Hyaluronic Acid
- Example of a naturally derived polymer for injectable filler use.

= Injectable filler =

Fillers for cosmetic skin smoothing

Injectable filler is a substance made to be injected into connective tissues, such as skin, cartilage or even bone, for cosmetic or medical purposes. The most common application of injectable fillers is to change one's facial appearance, but they also are used to reduce symptoms of osteoarthritis, treat tendon or ligament injuries, support bone and gum regeneration, and for other medical applications. Injectable fillers can be in the form of hydrogel or gels made from pulverized grafts.

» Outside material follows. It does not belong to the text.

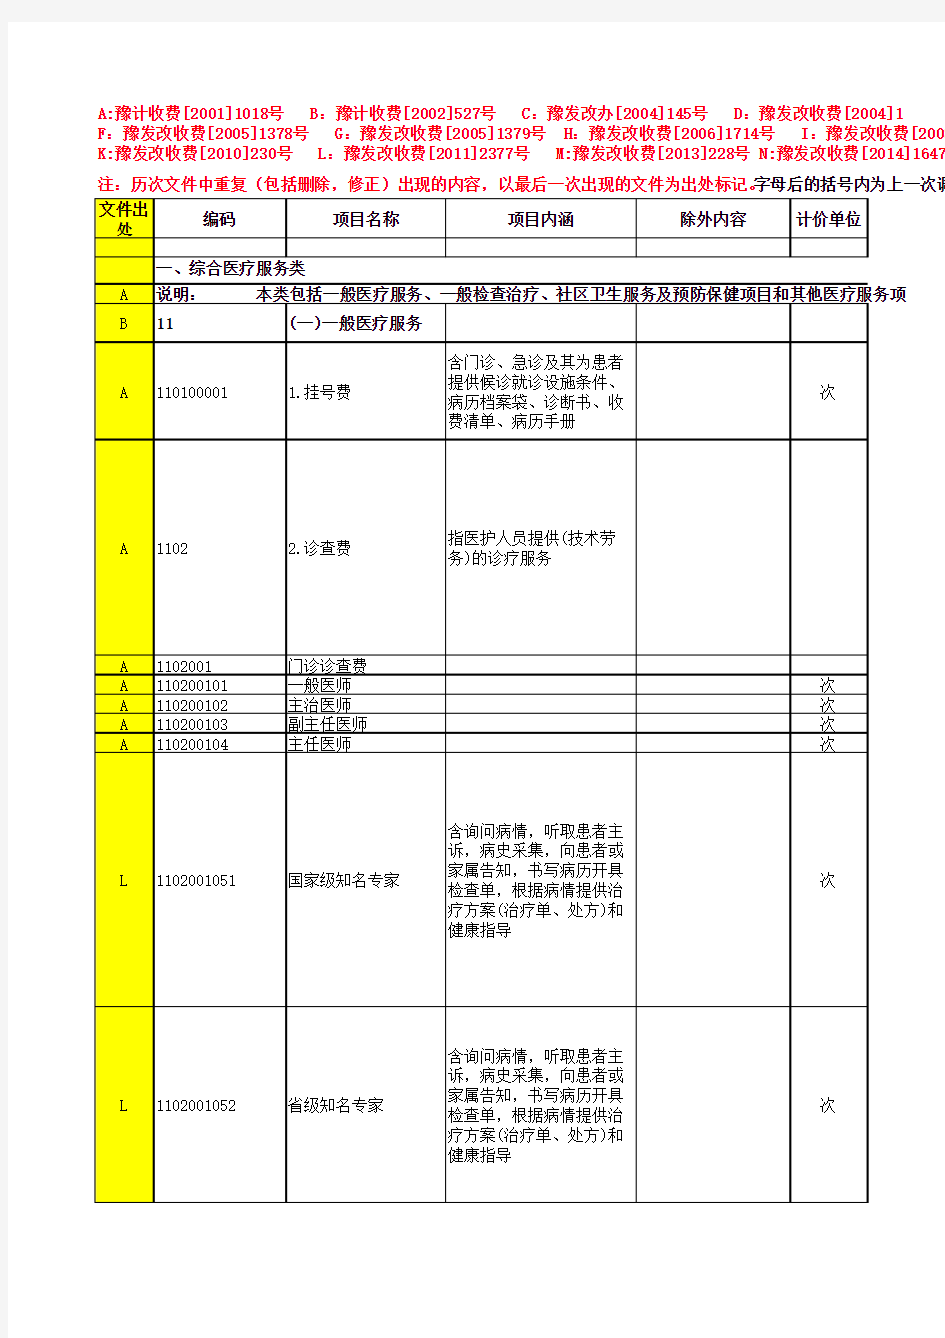 2014版河南医疗服务价格(带文件号).xls

Injectable fillers have risen in popularity mostly due to the wide application of dermal fillers in 1980s. Their premise is to help fill in facial wrinkles, provide facial volume, and augment facial features. Potential side effects include bruising, allergic reactions which may cause scarring or lumps, or infections from improper sterilisation. This may include HIV infection. Blindness due to retrograde (opposite the direction of normal blood flow) embolization into the ophthalmic and retinal arteries can occur.

== Materials used ==
Injectable fillers are composed of a wide range of natural and synthetic biomaterials, which can be categorized as resorbable or non-resorbable polymers. Injectable fillers are frequently formulated as hydrogels composed of hydrophilic polymer networks that can retain large amounts of water while maintaining structural integrity. Common materials include naturally derived polymers such as hyaluronic acid, gelatin, collagen, chitosan, alginate, and polysaccharides, as well as synthetic polymers like polyethylene glycol (PEG), poly(lactic acid), poly(methyl methacrylate), polyacrylamide, and dextran. These materials are often selected for their biocompatibility and structural similarity to the extracellular matrix, enabling integration with surrounding tissues. To enable in situ gelation, polymers are typically functionalized with reactive groups such as phenols, amines, or glutamine residues, allowing controlled crosslinking after injection. In advanced formulations, these hydrogel matrices may also serve as carriers for therapeutic fillers, including cells, proteins, or drugs, expanding their functionality beyond structural augmentation.

Hyaluronic acid

Hyaluronic acid is one of the most common materials used for injectable filler procedures due to its natural presence in vertebrates. Its inherent biocompatibility and biodegradability makes it particularly well suited for these applications, contributing to its widespread use in aesthetic and medical treatments. The chemical structure of hyaluronic acid is made up of repeating disaccharide units that consist of N-acetyl-D-glucosamine and D-glucuronic acid.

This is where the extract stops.